Yes, we’re all going to die, she thought. But I’m not dead yet.
* * *
THE SUMMER NIGHT had long since embraced Copenhagen by the time Jeppe could finally crawl into his car and drive home to Valby. He was so tired he wasn’t sure he could even drive, so tired he felt sick.
His neighborhood was dark and quiet, the way only a suburb after midnight can be. Jeppe turned off his car and walked up the front path, his legs heavy, his footsteps dragging, unsure if he had enough strength left to lift the key up to the lock.
Something made him lift his gritty eyes from the front door. Intuition maybe, a whisper from above. The sky over him exploded into a white meteor shower, silent and violent at the same time. He watched for a moment, dumbstruck, then closed his eyes and saw the shooting stars on the inside of his eyelids. Heard his father’s voice.
Nice, huh?
Jeppe smiled and let the lights burn into him and brighten his mind. Felt his father’s hand in his own and remembered watching the August Perseid meteors together. The “Tears of Saint Laurenti.” But maybe the memory was just a figment of his imagination. We invent so many things.
After closing the door behind him, the first thing he did was check his phone and find that, as expected, Anna had not responded. Of course not. Yet another disappointment, but one of the minor ones. All relationships contain one part tenderness and one part hurt. All things considered, he had come out of this one with more of the former.
Jeppe washed down two ibuprofen tablets with some lukewarm red wine from a bottle that just might have been sitting open for several weeks, and immediately felt that pleasant tingling in his lips. Brought the bottle into the living room and lay down on the sofa.

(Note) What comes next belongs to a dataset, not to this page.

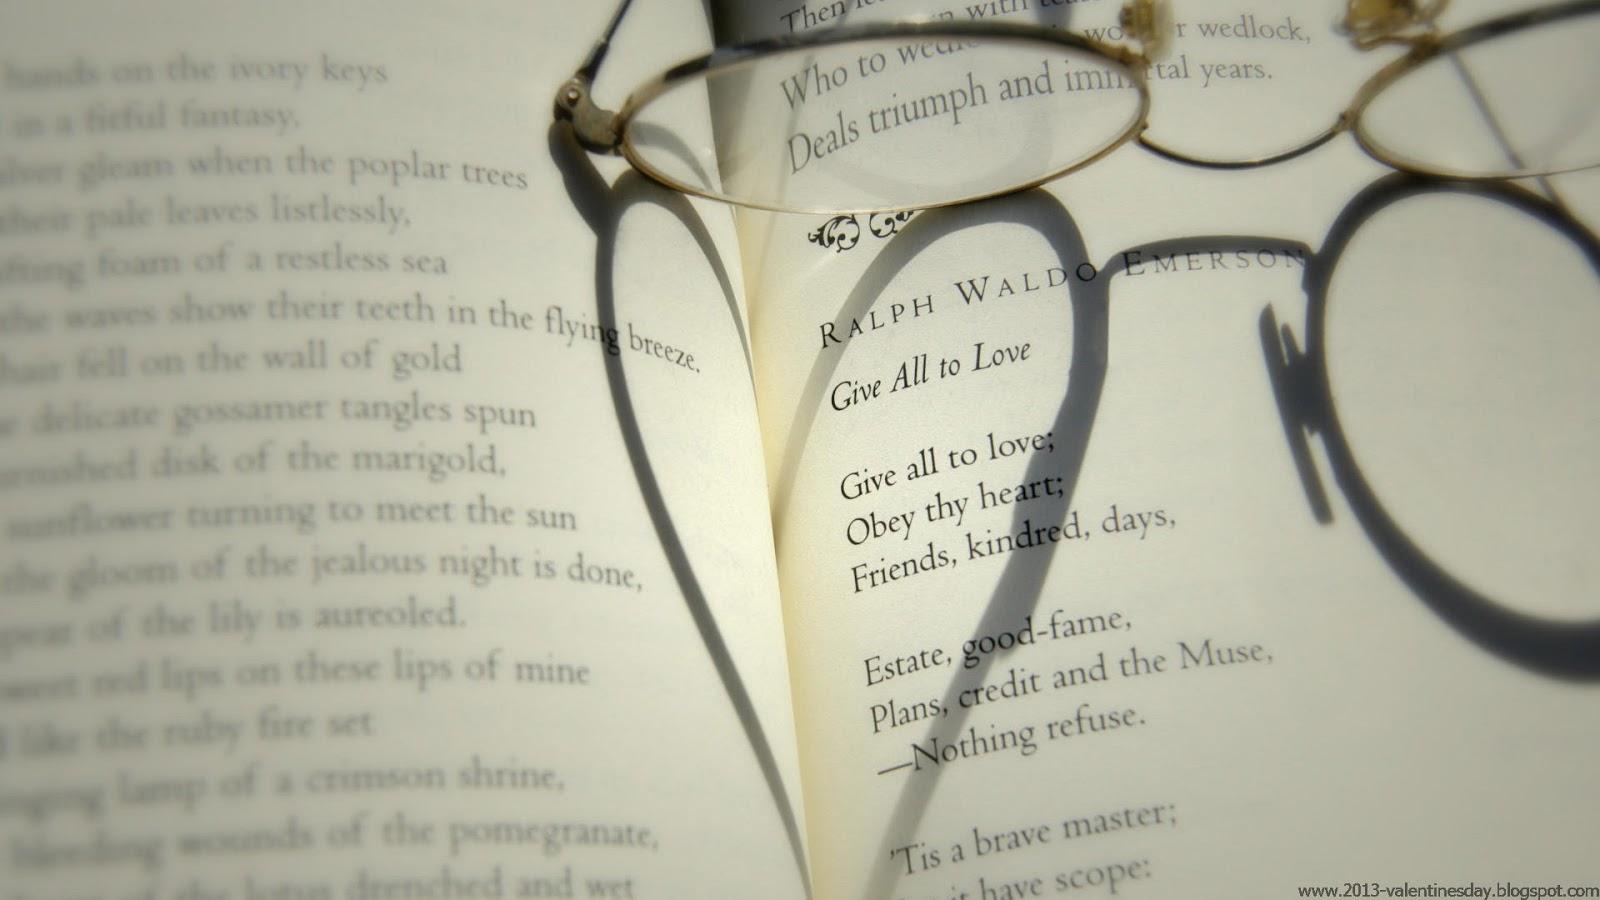 http://4.bp.blogspot.com/-8j-3X1-bL_E/UP9T4pXkcRI/AAAAAAAAC40/yJvBZjChzj4/s1600/reading_love_poems_1920x1080.jpg

After they knew the fertility tr
eatments weren’t going to work, he and Therese had gone through the adoption approval process. They had gone through countless agonizing interviews and weekend stays of edifying lectures, and he himself had been at a point where he would have paid any amount to find a nameless little baby on his doorstep. If for nothing else than to stop Therese’s tears.
Jeppe rubbed his dry eyes. The case was over, he should feel some degree of relief.

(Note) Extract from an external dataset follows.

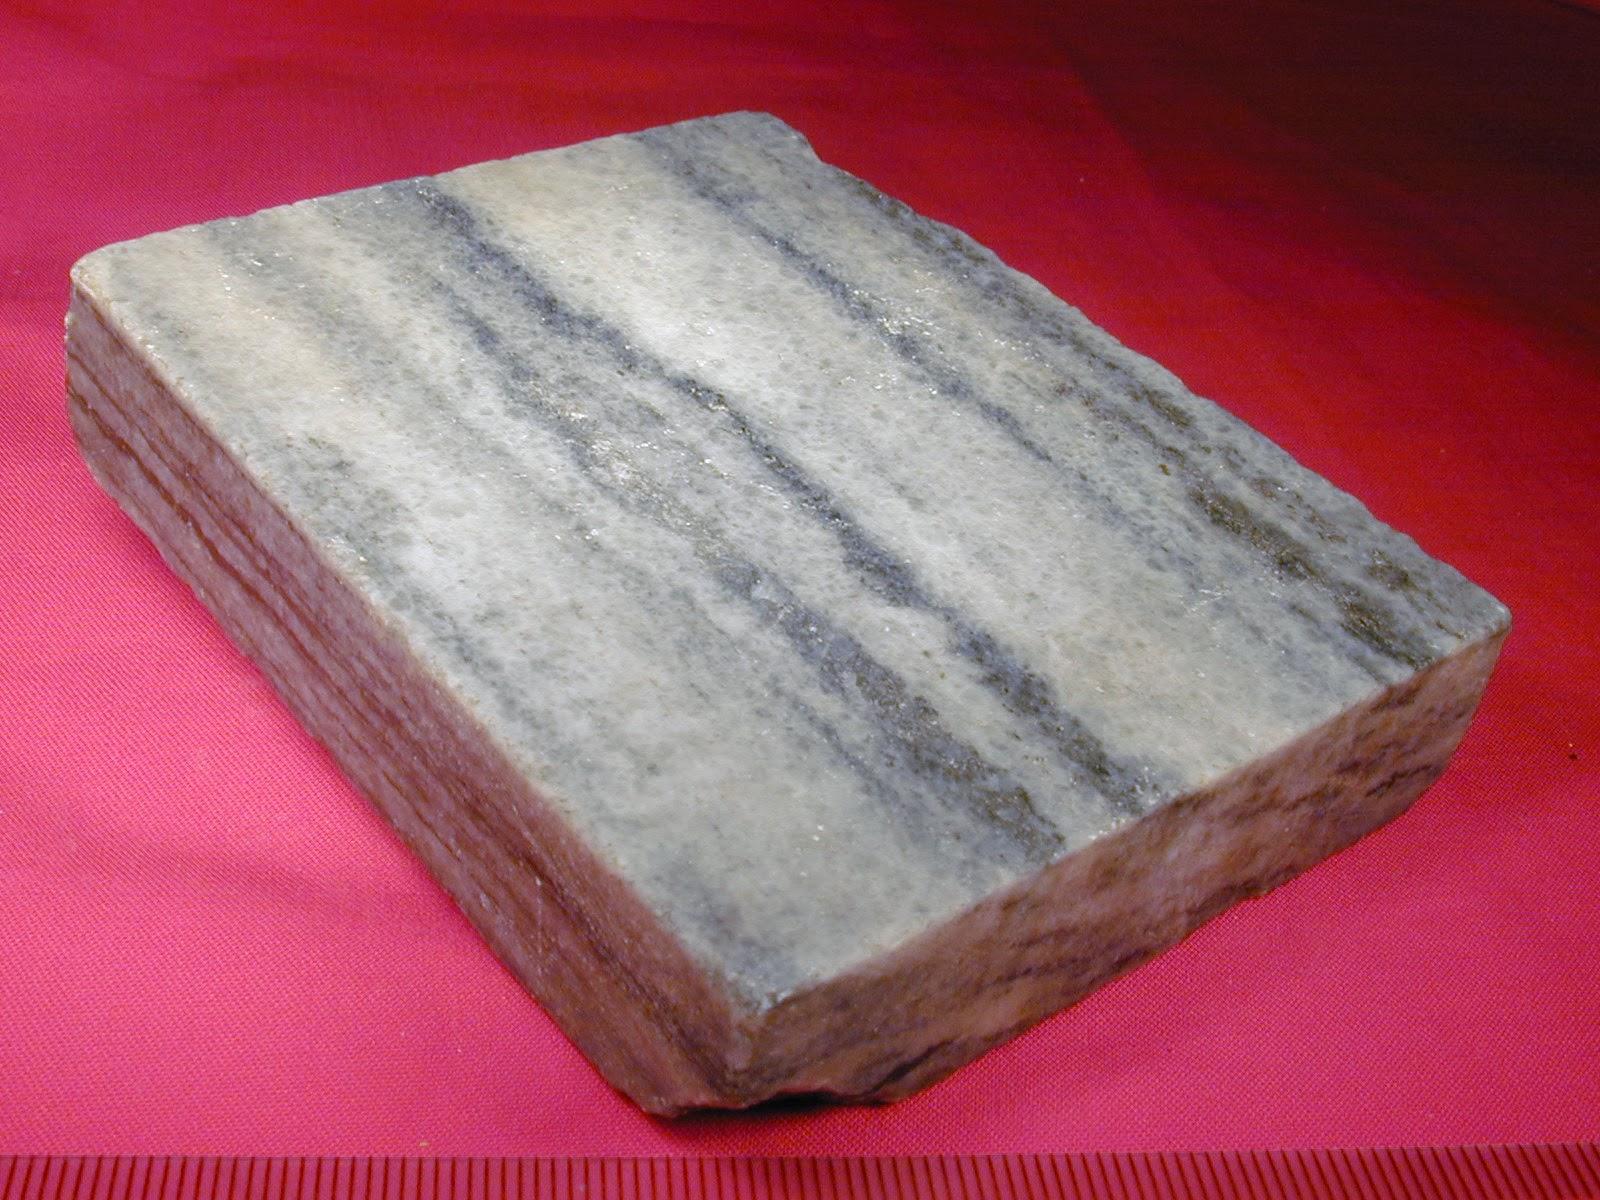 Biologia noviembre 2013 for Como se limpia el marmol

The bedding was still on the sofa smelling musty. He sniffed and flung the comforter away in disgust. Looked at the dusty bottle of wine, his vision swimming with fatigue and medicine. Was this peak patheticness, or did he still have further to fall before he reached the bottom, before things turned around?

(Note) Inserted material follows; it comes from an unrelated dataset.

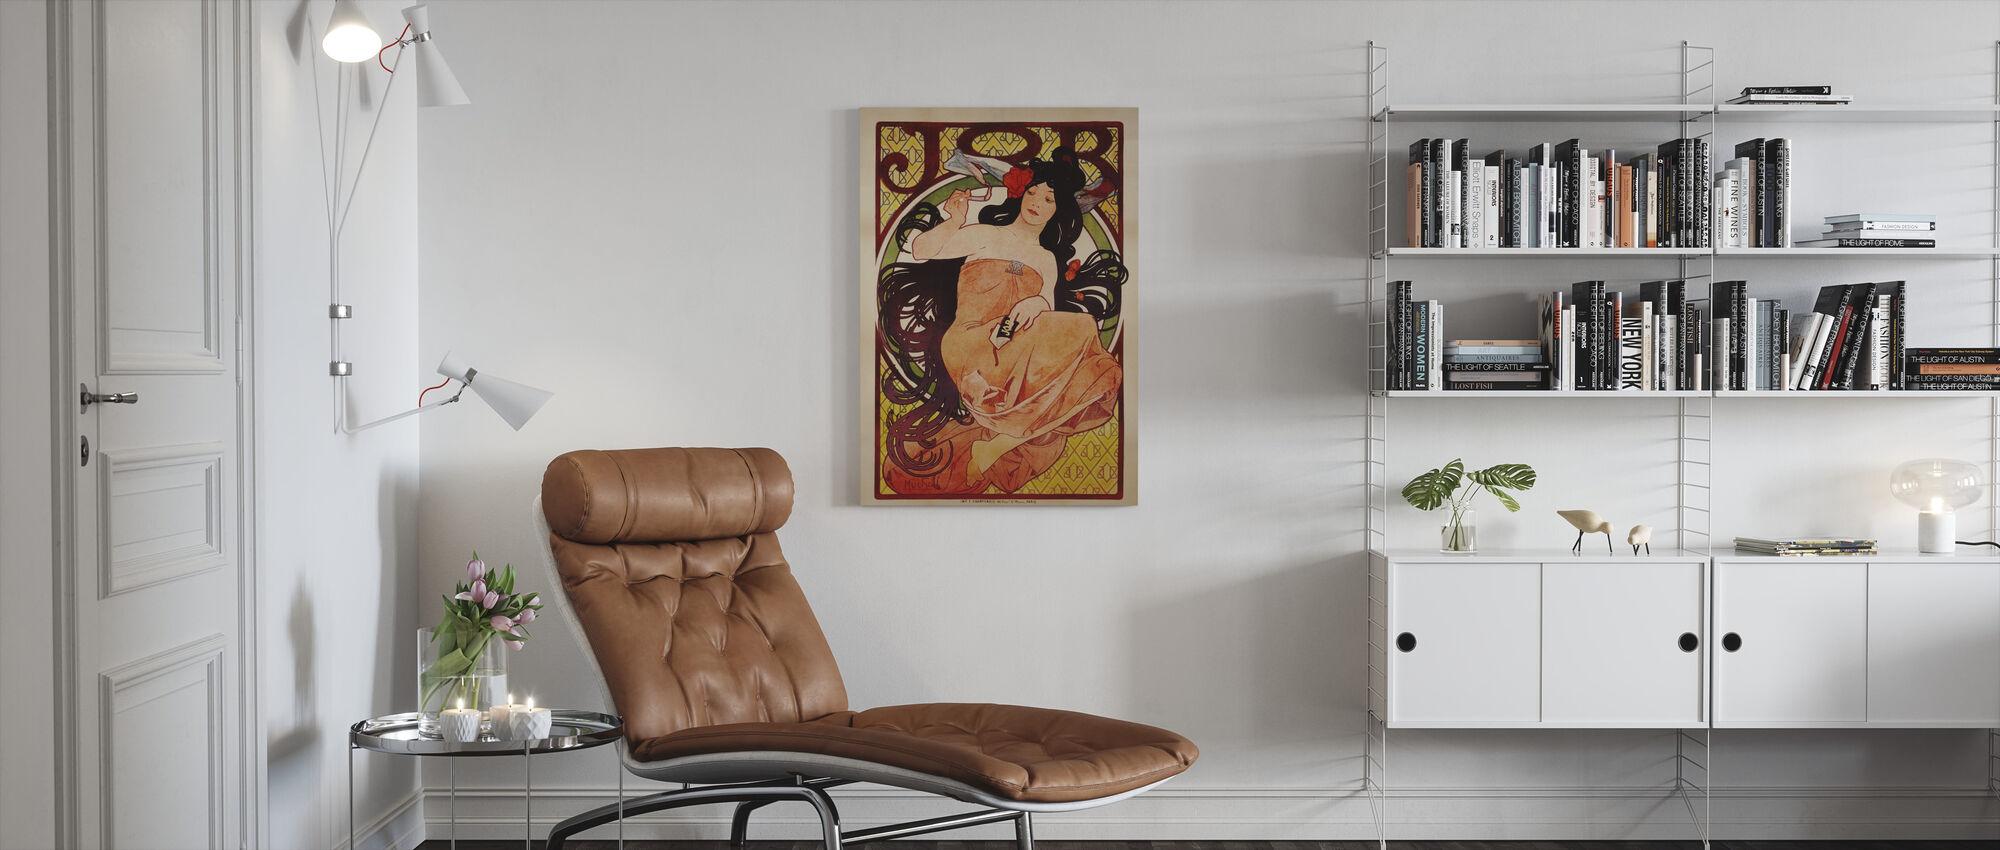 Alphonse Mucha - Jobb färg litho - Canvastavla - Vardagsrum

Like a shot he got up and stormed into the bedroom, tipping over the wine bottle and permanently ruining the rug he hated anyway. Without thinking, he went for Therese’s old nightstand and grabbed it with both hands. He could live with her boxes in the garage: the LPs she hadn’t picked up, her letters and mortarboard, left behind like bad graffiti of what used to be. But this particular memorial he was done with! In firm resolve, he carried the nightstand with its Kama Sutra book through the house and to the back door, where he tossed it into the darkness. It crackled loudly as it landed on the grass. The Tivoli picture of Therese followed promptly thereafter.
Then he locked the door, lay down in his bed, and fell asleep.
TUESDAY, AUGUST 14
CHAPTER 39
Tuesday morning Jeppe woke up with a sadness so monumental that he couldn’t get out of bed. He sensed that the feeling would take over completely if he even tried to get up, so in the end he just stayed put. It had to be acceptable for him to take a day off and leave the press briefing to the superintendent. He rolled onto his side and closed his eyes to the world.